▸ **Dataset records**:
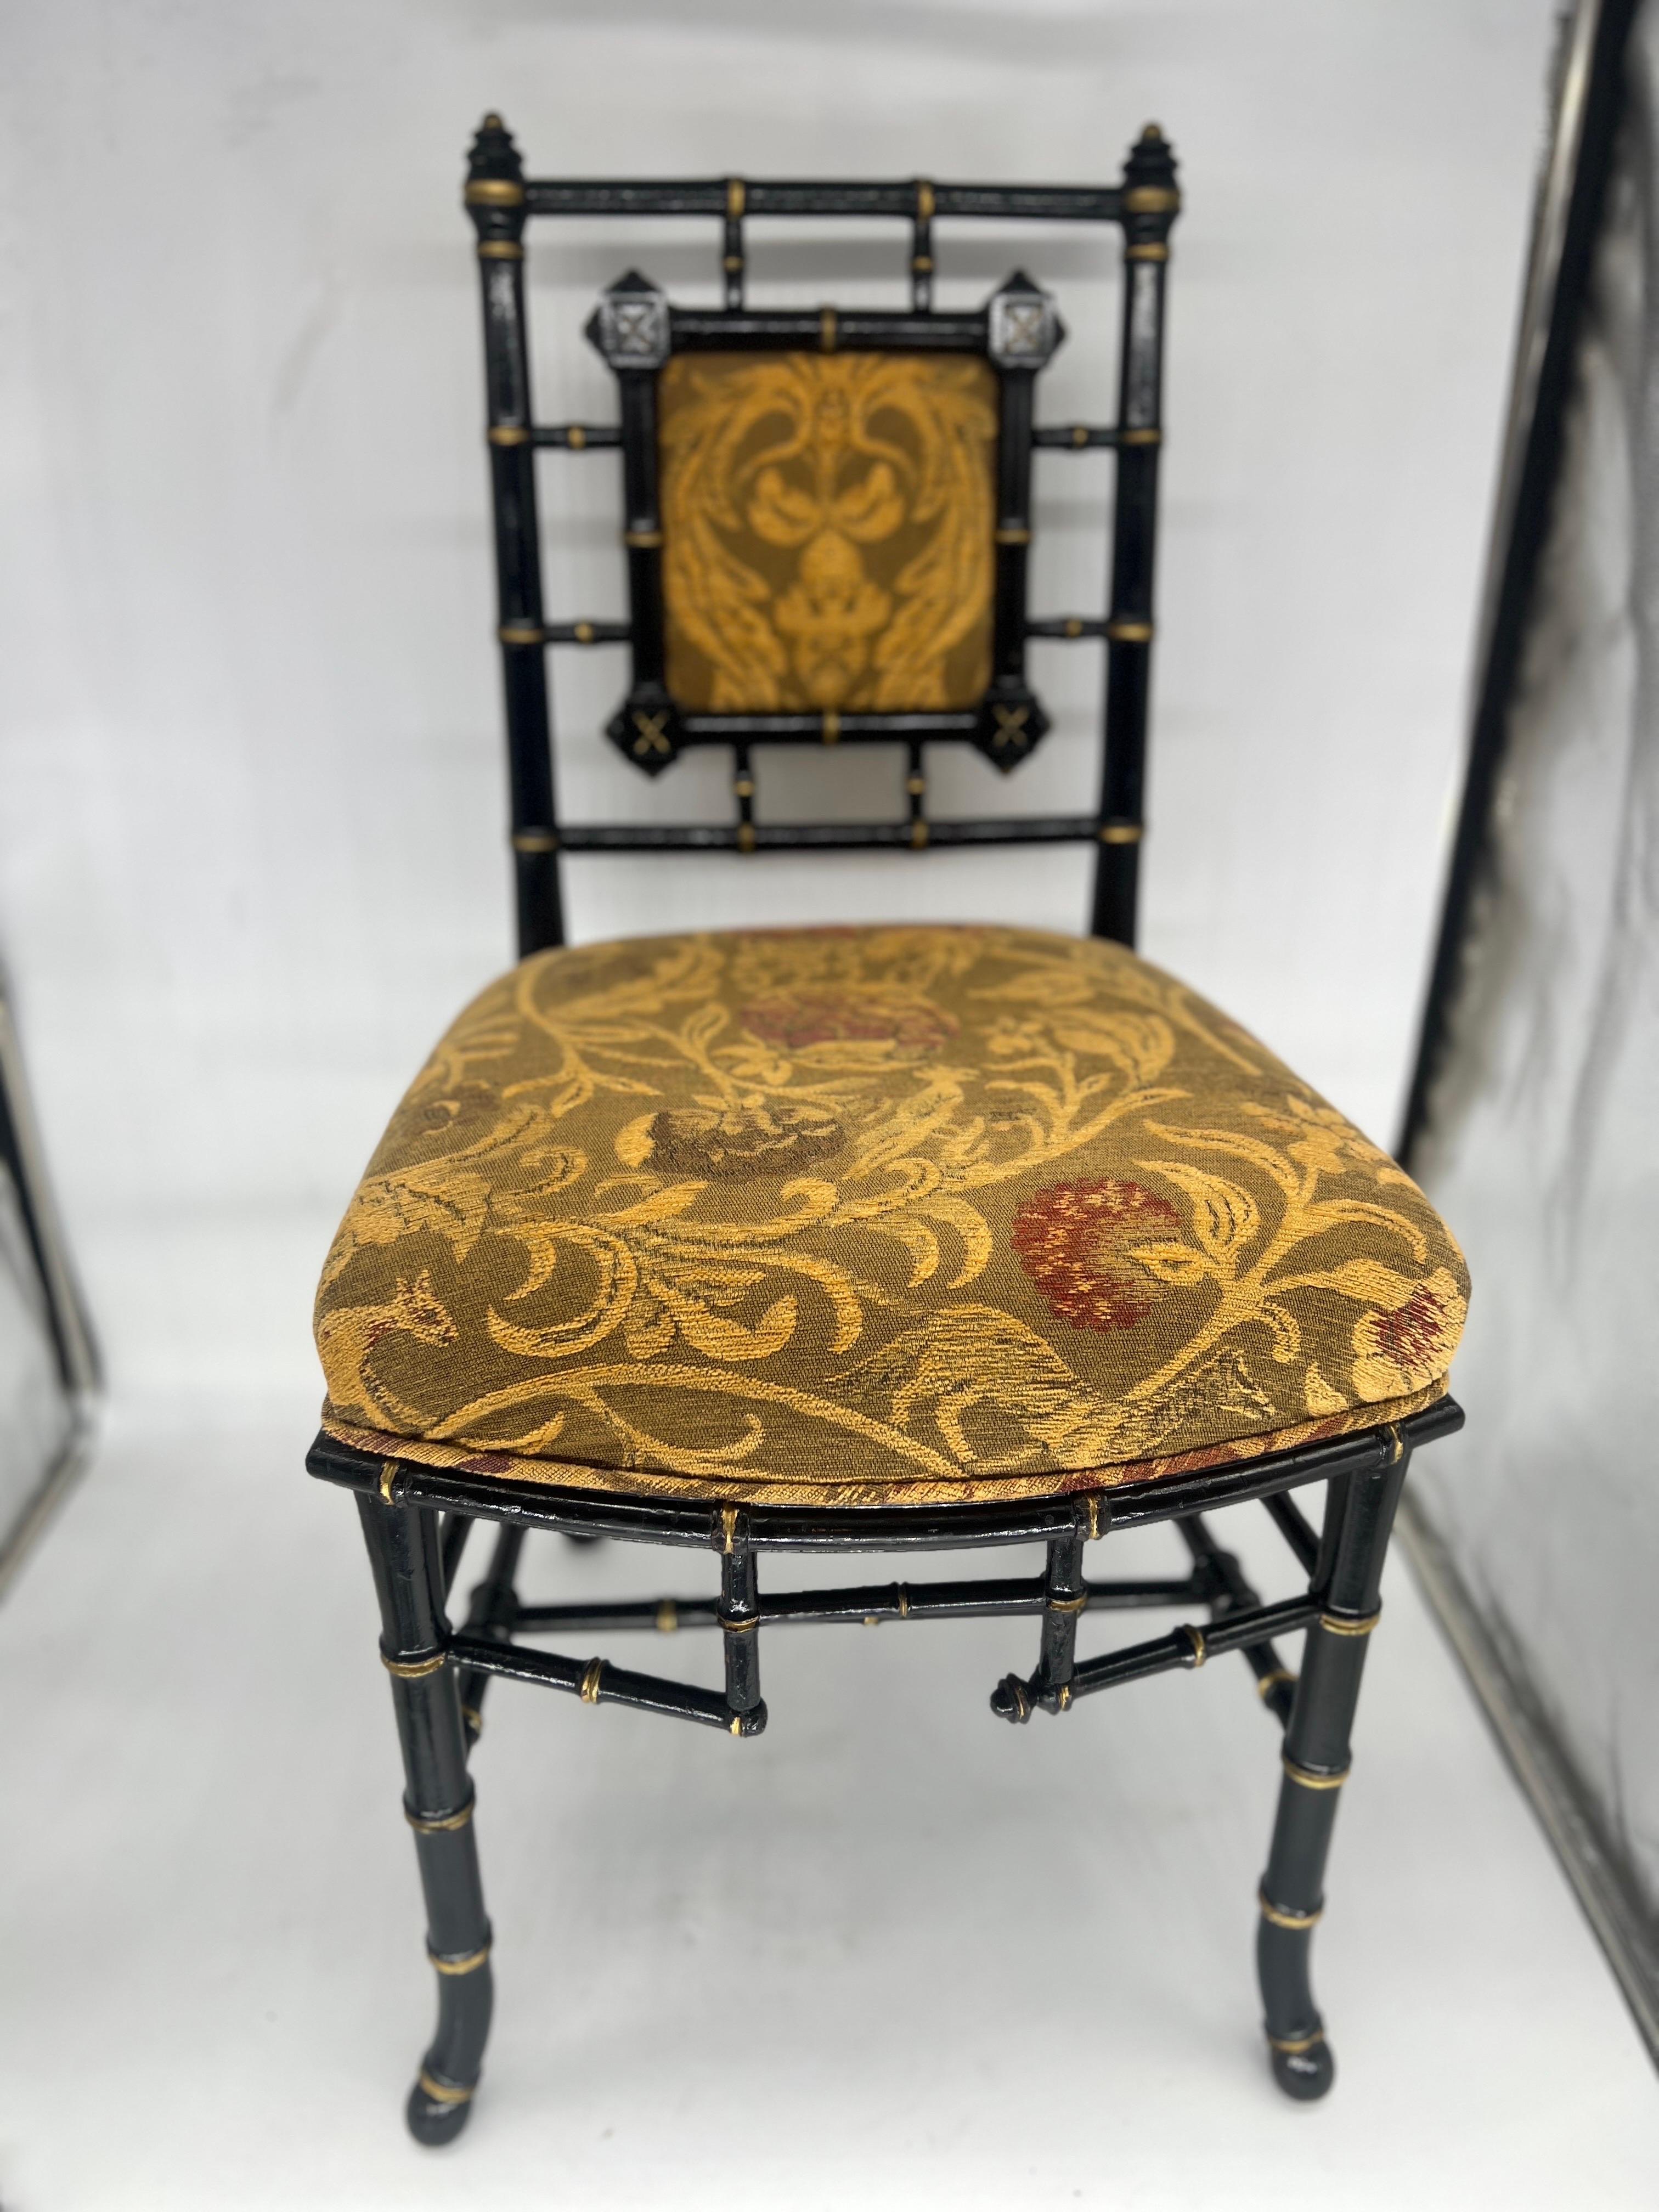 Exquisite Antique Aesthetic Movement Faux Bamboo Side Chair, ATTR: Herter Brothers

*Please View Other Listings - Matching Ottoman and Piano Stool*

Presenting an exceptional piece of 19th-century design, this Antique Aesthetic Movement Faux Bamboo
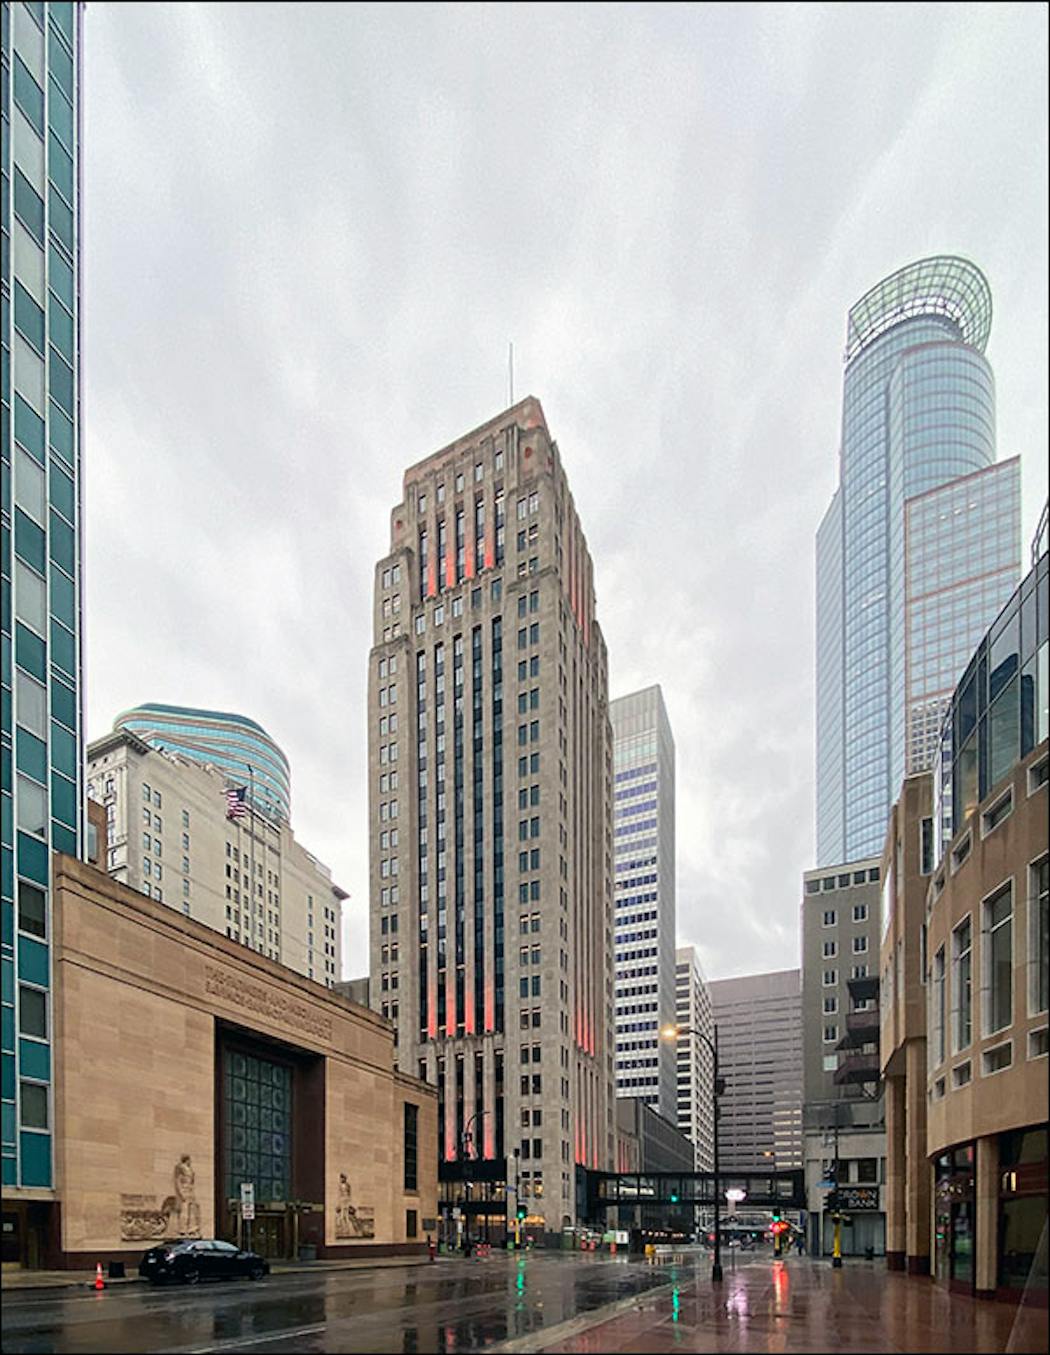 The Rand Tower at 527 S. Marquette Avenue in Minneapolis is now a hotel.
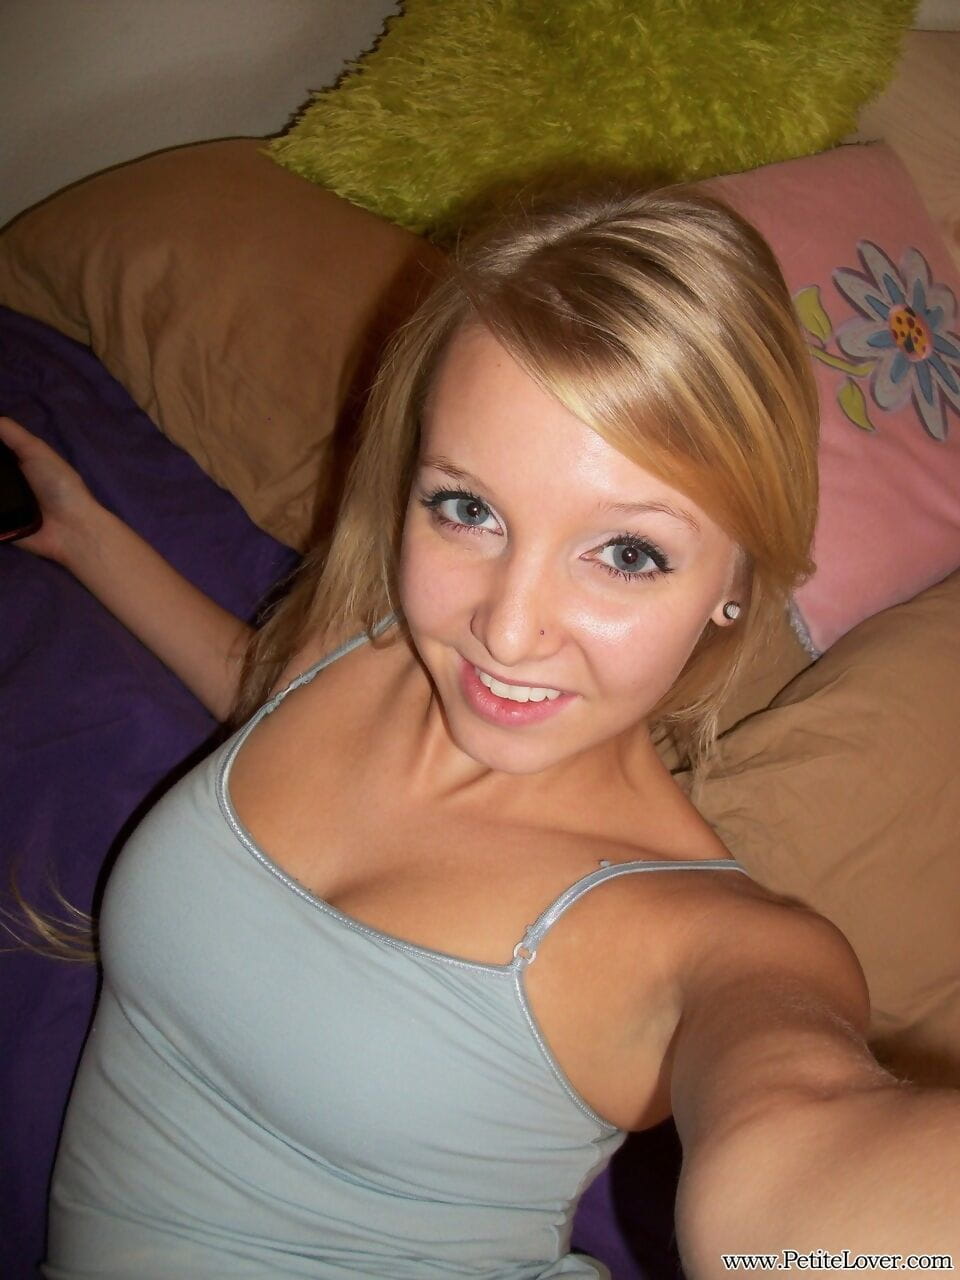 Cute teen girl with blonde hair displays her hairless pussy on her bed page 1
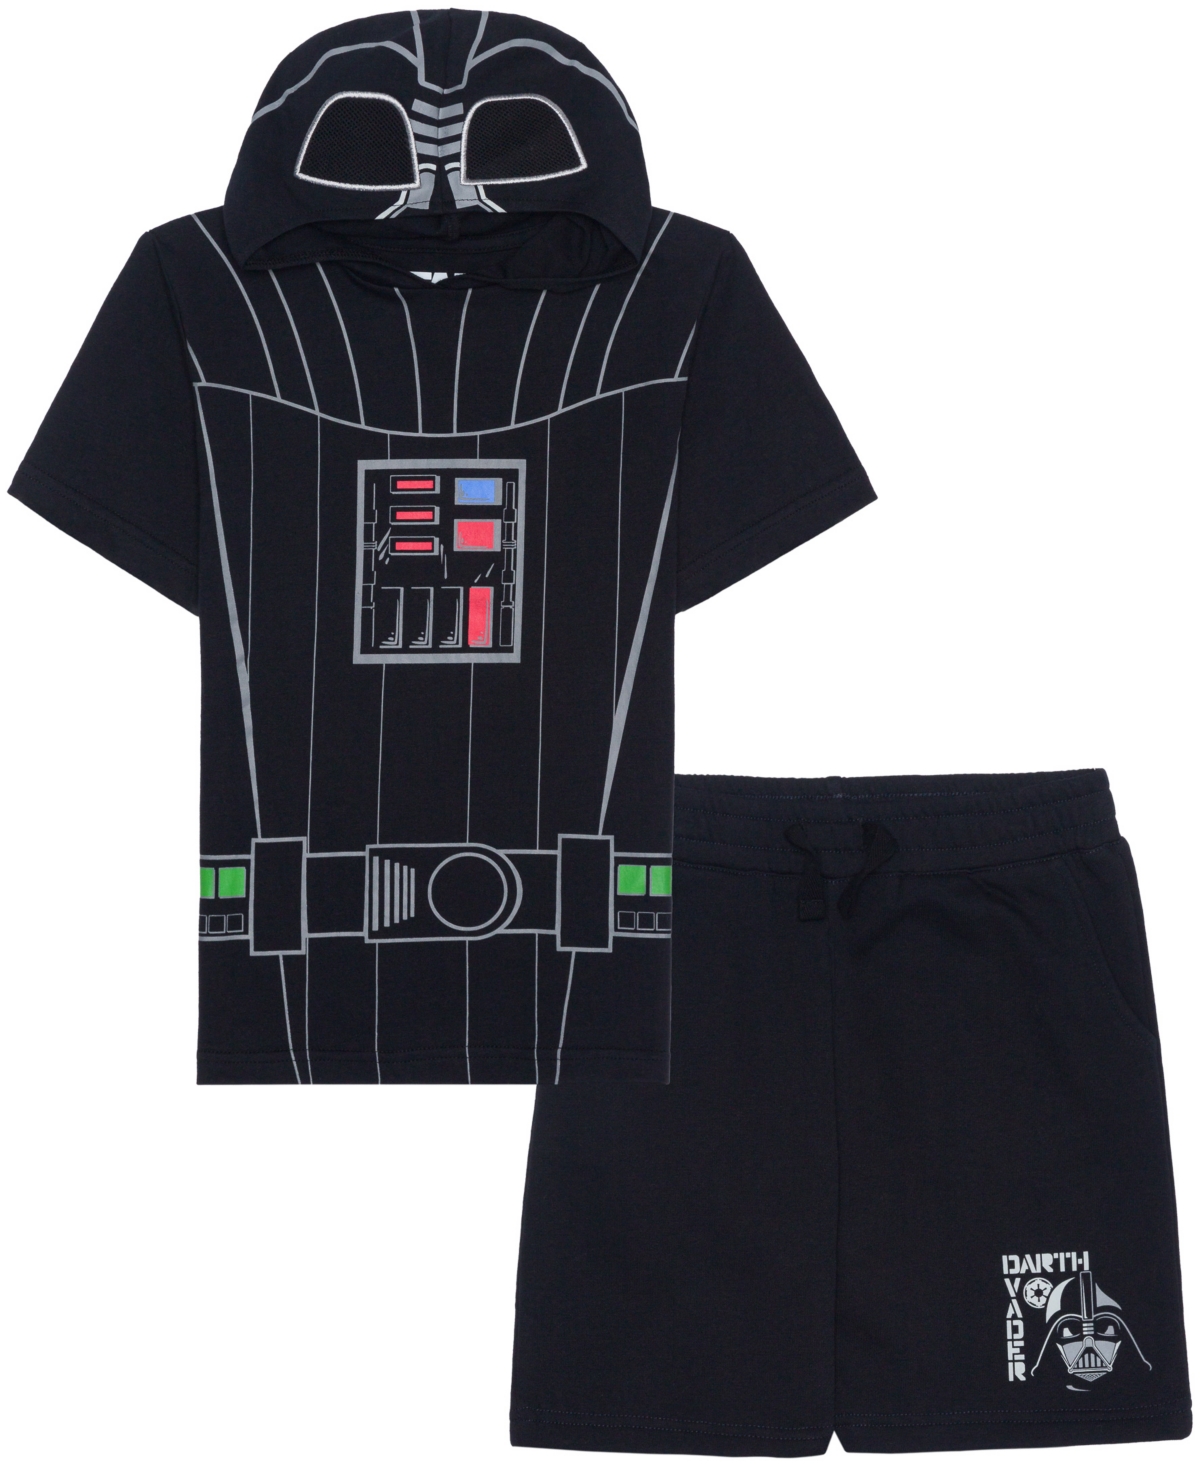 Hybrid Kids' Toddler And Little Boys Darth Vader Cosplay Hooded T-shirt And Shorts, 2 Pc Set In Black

▸ **TO DO**: Exactly the lines from the line with "The Rand Tower" through the end of the data are to be reproduced, and no picture is to be included.

▸ **EXPECTED ANSWER**:
 The Rand Tower at 527 S. Marquette Avenue in Minneapolis is now a hotel.
 Cute teen girl with blonde hair displays her hairless pussy on her bed page 1
 Hybrid Kids' Toddler And Little Boys Darth Vader Cosplay Hooded T-shirt And Shorts, 2 Pc Set In Black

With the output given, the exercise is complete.